Supported Content Types

typeTypical formatsPayloadNotes
texttextPlain text; a bare string content also maps here
imagePNG / JPG / GIF / WebP / SVGuri or base64SVG via bundled cairosvg
pdfPDFuri or base64
audioMP3 / WAV / …uri or base64Endpoint must accept audio parts
docDOC / DOCX / PPT / PPTX / XLS / XLSXuri or base64Requires LibreOffice
htmlHTMLuri or base64To send HTML as plain text instead, use type: "text"
emailEML / MSGuri or base64
A non-text item must carry either uri or base64 — a non-text item with only a text field returns 415.

Sending Multimodal Content

Switch the content field from a plain string to an array of typed ContentItem objects:
FieldPurpose
typeOne of the modalities above
textLiteral text — only for type: "text"
urihttp(s):// (fetched server-side) or file:// (read from server filesystem)
base64Inline payload, plain base64 (no data: prefix)
extExtension hint ("pdf", "png", …); effectively required for base64 payloads
nameDisplay filename for logs
uri (http(s)://)base64
Where the bytes liveFetched transiently at parse timeHeld verbatim in the SQLite session buffer until flush
Wire sizeURL only~4/3× the raw size (base64 inflation)
Best forLarge assets, S3/OSS presigned URLsSmall assets, or when no reachable URL exists
Prefer uri for anything large. A multi-MB base64 blob becomes multi-MB of SQLite buffer text for the buffer’s lifetime and slows request parsing. The bytes are never persisted past extraction either way — only the parsed text is.
TS=$(($(date +%s) * 1000))
curl -X POST http://127.0.0.1:8000/api/v1/memory/add \
  -H 'Content-Type: application/json' \
  -d "{
    \"session_id\": \"mm-001\",
    \"messages\": [
      {
        \"sender_id\": \"alice\",
        \"role\": \"user\",
        \"timestamp\": $TS,
        \"content\": [
          { \"type\": \"image\", \"uri\": \"https://example.com/whiteboard.png\" }
        ]
      }
    ]
  }"

Local files via file://

A file:// URI is read from the server’s local filesystem.

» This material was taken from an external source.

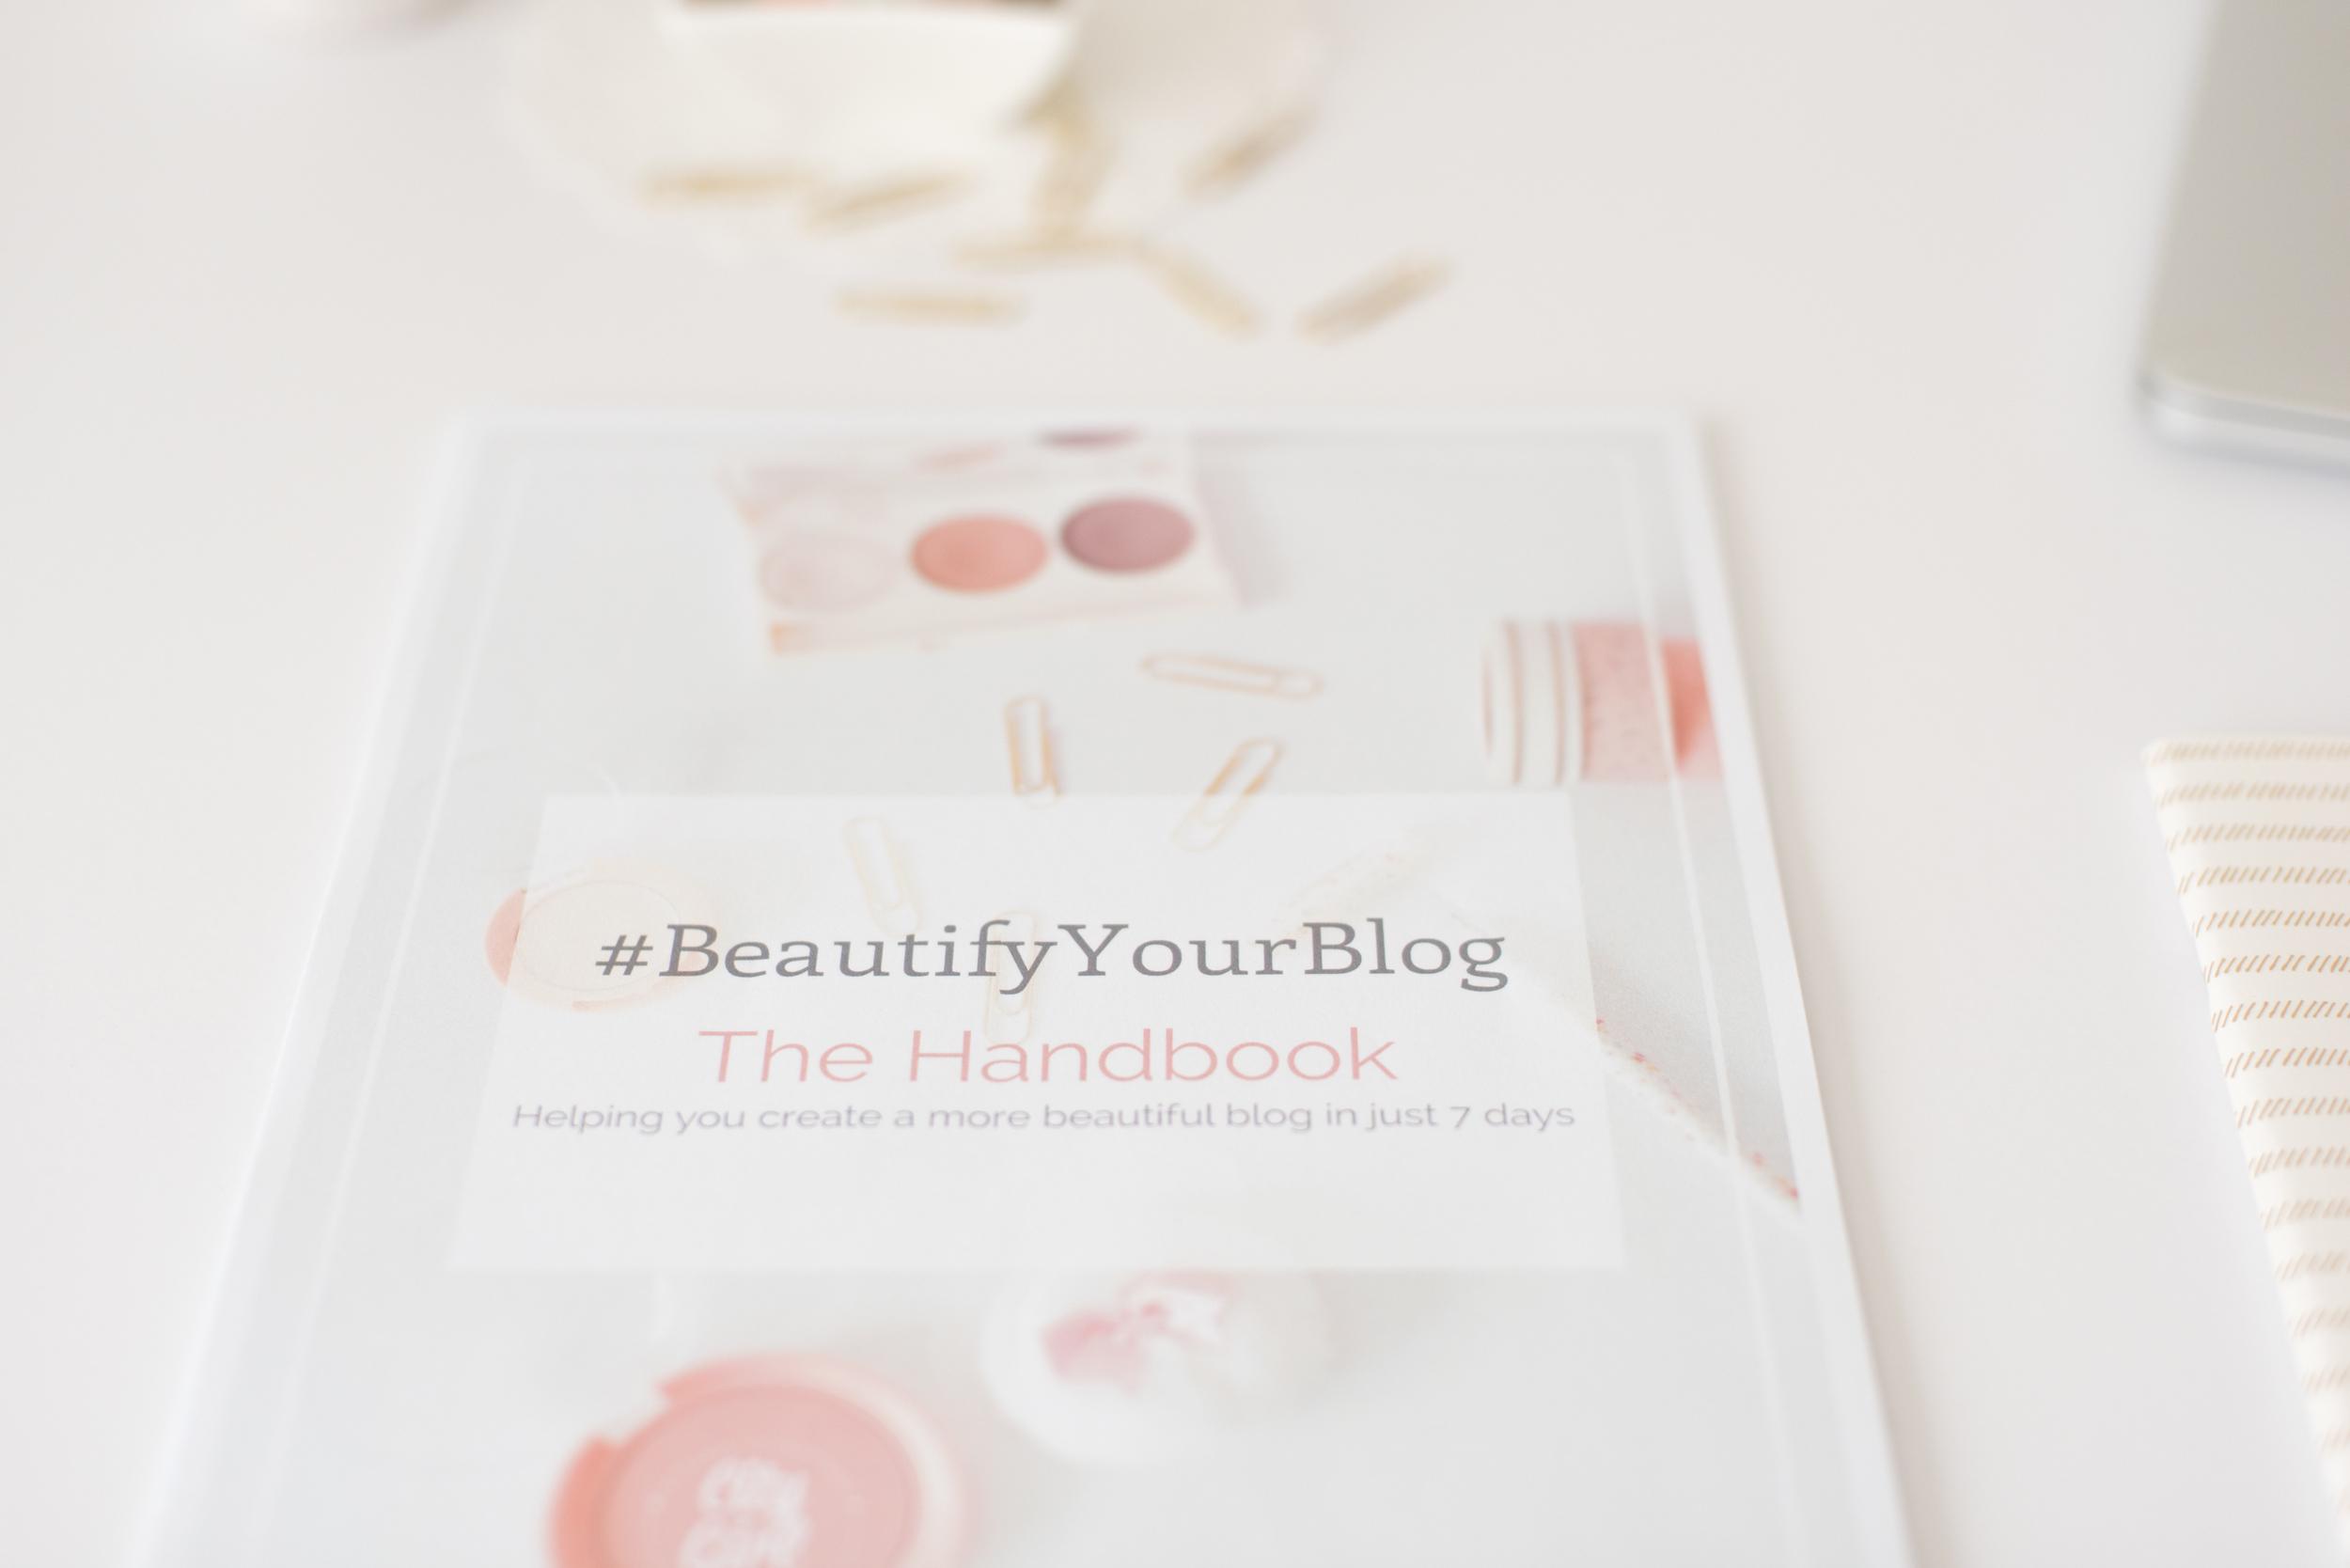 #BeautifyYourBlog Handguide for Bloggers byr Roxy Hutton of CityGirlSearching (12 of 25).JPG

The path must be reachable by the server process and pass these guardrails (violation returns 415):
  • Must be an existing regular file (symlinks resolved)
  • Size ≤ EVEROS_MULTIMODAL__FILE_URI_MAX_BYTES (default 50 MiB)
  • If EVEROS_MULTIMODAL__FILE_URI_ALLOW_DIRS is set, the path must lie within one of the listed roots
{ "type": "pdf", "uri": "file:///srv/uploads/q3.pdf" }

Searching Multimodal Memory

Nothing special is required. Parsed text is folded into the same episodes and memory cells as text turns, so every retrieval method works across multimodal-derived memory unchanged:
curl -X POST http://127.0.0.1:8000/api/v1/memory/search \
  -H 'Content-Type: application/json' \
  -d '{
    "user_id": "alice",
    "query": "whiteboard from the planning session",
    "method": "hybrid"
  }'
See Retrieval for full details on keyword, vector, hybrid, and agentic methods.

Configuration Reference

All fields bind from environment variables (EVEROS_MULTIMODAL__<FIELD>) or the [multimodal] TOML section:
Env varDefaultMeaning
EVEROS_MULTIMODAL__MODELgoogle/gemini-3-flash-previewParsing model; must accept image_url parts
EVEROS_MULTIMODAL__API_KEYAPI key for the multimodal endpoint
EVEROS_MULTIMODAL__BASE_URLhttps://openrouter.ai/api/v1OpenAI-compatible base URL
EVEROS_MULTIMODAL__MAX_CONCURRENCY4Cap on parallel multimodal calls within one extraction
EVEROS_MULTIMODAL__FILE_URI_MAX_BYTES52428800 (50 MiB)Max size of a file:// asset
EVEROS_MULTIMODAL__FILE_URI_ALLOW_DIRS[] (any)JSON list of allowlisted base dirs for file:// URIs

Error Handling

Two failure classes behave differently:
ConditionResult
Non-text item with no uri or base64415 — batch aborted
Unknown extension / no handler for the modality415 — batch aborted
base64 without a resolvable ext to dispatch on415 — batch aborted
Office document but no LibreOffice on host415 — batch aborted
file:// fails a guardrail (missing / too large / outside allowlist)415 — batch aborted
Multimodal LLM call fails (timeout / rate-limit / model rejects asset)200 — that item is skipped (parse_status="failed"), rest of batch still extracts
Deterministic problems abort the whole /add batch with 415. A transient LLM failure degrades only the affected item — the request returns 200 and the remaining messages extract normally.